[Work instructions] Once the records below have been read, copy them all out exactly.

-- Dataset excerpts follows --

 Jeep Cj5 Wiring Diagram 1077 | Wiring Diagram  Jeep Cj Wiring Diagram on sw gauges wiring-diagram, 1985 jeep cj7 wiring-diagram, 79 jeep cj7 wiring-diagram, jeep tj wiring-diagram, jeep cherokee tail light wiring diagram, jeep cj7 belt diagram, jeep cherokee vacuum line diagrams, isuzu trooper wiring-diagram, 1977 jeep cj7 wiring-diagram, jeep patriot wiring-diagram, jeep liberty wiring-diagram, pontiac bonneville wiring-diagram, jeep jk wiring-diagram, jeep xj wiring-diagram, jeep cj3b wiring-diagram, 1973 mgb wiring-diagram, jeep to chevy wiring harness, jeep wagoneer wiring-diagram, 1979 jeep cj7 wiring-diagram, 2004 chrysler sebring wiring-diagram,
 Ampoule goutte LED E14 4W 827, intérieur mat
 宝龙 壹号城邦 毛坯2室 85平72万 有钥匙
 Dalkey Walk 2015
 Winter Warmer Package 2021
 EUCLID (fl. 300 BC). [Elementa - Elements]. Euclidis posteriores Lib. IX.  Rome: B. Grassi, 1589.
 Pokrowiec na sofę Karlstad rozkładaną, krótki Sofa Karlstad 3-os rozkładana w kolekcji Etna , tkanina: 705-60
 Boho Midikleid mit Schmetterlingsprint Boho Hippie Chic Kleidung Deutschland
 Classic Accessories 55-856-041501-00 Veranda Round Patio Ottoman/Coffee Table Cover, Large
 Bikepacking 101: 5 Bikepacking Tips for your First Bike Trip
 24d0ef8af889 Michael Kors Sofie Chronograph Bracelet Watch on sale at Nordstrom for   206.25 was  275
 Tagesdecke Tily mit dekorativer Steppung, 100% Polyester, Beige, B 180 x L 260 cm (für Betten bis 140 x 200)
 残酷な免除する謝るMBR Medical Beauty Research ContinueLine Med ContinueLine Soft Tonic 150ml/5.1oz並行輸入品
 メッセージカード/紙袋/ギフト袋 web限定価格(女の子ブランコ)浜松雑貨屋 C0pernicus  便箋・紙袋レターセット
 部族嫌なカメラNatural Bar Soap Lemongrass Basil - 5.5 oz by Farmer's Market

-- Dataset excerpts concluded --

[Task result]
 Jeep Cj5 Wiring Diagram 1077 | Wiring Diagram  Jeep Cj Wiring Diagram on sw gauges wiring-diagram, 1985 jeep cj7 wiring-diagram, 79 jeep cj7 wiring-diagram, jeep tj wiring-diagram, jeep cherokee tail light wiring diagram, jeep cj7 belt diagram, jeep cherokee vacuum line diagrams, isuzu trooper wiring-diagram, 1977 jeep cj7 wiring-diagram, jeep patriot wiring-diagram, jeep liberty wiring-diagram, pontiac bonneville wiring-diagram, jeep jk wiring-diagram, jeep xj wiring-diagram, jeep cj3b wiring-diagram, 1973 mgb wiring-diagram, jeep to chevy wiring harness, jeep wagoneer wiring-diagram, 1979 jeep cj7 wiring-diagram, 2004 chrysler sebring wiring-diagram,
 Ampoule goutte LED E14 4W 827, intérieur mat
 宝龙 壹号城邦 毛坯2室 85平72万 有钥匙
 Dalkey Walk 2015
 Winter Warmer Package 2021
 EUCLID (fl. 300 BC). [Elementa - Elements]. Euclidis posteriores Lib. IX.  Rome: B. Grassi, 1589.
 Pokrowiec na sofę Karlstad rozkładaną, krótki Sofa Karlstad 3-os rozkładana w kolekcji Etna , tkanina: 705-60
 Boho Midikleid mit Schmetterlingsprint Boho Hippie Chic Kleidung Deutschland
 Classic Accessories 55-856-041501-00 Veranda Round Patio Ottoman/Coffee Table Cover, Large
 Bikepacking 101: 5 Bikepacking Tips for your First Bike Trip
 24d0ef8af889 Michael Kors Sofie Chronograph Bracelet Watch on sale at Nordstrom for   206.25 was  275
 Tagesdecke Tily mit dekorativer Steppung, 100% Polyester, Beige, B 180 x L 260 cm (für Betten bis 140 x 200)
 残酷な免除する謝るMBR Medical Beauty Research ContinueLine Med ContinueLine Soft Tonic 150ml/5.1oz並行輸入品
 メッセージカード/紙袋/ギフト袋 web限定価格(女の子ブランコ)浜松雑貨屋 C0pernicus  便箋・紙袋レターセット
 部族嫌なカメラNatural Bar Soap Lemongrass Basil - 5.5 oz by Farmer's Market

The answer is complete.